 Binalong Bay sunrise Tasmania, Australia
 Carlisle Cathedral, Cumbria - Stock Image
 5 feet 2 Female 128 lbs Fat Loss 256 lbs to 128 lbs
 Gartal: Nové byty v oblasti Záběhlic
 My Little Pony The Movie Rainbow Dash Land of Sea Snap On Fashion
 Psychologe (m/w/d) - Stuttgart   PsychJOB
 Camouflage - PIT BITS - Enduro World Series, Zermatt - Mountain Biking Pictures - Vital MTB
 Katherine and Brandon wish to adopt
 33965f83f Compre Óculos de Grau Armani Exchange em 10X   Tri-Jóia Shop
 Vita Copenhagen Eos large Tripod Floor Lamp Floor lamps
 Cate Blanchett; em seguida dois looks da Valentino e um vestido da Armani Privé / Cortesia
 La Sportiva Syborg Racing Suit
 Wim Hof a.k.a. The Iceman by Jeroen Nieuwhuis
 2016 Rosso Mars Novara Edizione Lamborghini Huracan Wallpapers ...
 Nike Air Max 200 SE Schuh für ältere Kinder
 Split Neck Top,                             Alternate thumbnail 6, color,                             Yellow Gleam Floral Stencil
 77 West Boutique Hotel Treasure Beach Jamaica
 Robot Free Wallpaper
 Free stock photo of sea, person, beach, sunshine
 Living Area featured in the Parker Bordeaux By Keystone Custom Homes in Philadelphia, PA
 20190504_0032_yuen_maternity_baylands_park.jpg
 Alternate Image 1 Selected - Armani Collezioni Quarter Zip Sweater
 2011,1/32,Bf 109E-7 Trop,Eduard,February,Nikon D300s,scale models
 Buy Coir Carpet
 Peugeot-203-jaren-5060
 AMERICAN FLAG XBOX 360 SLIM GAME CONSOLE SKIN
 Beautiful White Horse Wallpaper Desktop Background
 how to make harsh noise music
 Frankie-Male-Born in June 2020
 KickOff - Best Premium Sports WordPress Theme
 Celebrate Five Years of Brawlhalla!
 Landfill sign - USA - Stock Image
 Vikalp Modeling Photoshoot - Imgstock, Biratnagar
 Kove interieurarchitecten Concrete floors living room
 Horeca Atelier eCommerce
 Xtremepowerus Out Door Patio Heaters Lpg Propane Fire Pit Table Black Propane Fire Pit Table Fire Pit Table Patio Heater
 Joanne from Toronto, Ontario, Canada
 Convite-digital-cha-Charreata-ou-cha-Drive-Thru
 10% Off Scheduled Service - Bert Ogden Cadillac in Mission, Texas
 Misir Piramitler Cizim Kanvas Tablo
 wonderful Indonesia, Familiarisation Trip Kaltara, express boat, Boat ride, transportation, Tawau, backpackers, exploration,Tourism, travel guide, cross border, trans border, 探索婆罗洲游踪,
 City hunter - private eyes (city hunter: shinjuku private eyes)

-=-=-=-=-

• Exercise:
Only the lines holding the word "Alternate" belong in the answer; copy them from the listing above.

• Solution for this problem:
 Split Neck Top,                             Alternate thumbnail 6, color,                             Yellow Gleam Floral Stencil
 Alternate Image 1 Selected - Armani Collezioni Quarter Zip Sweater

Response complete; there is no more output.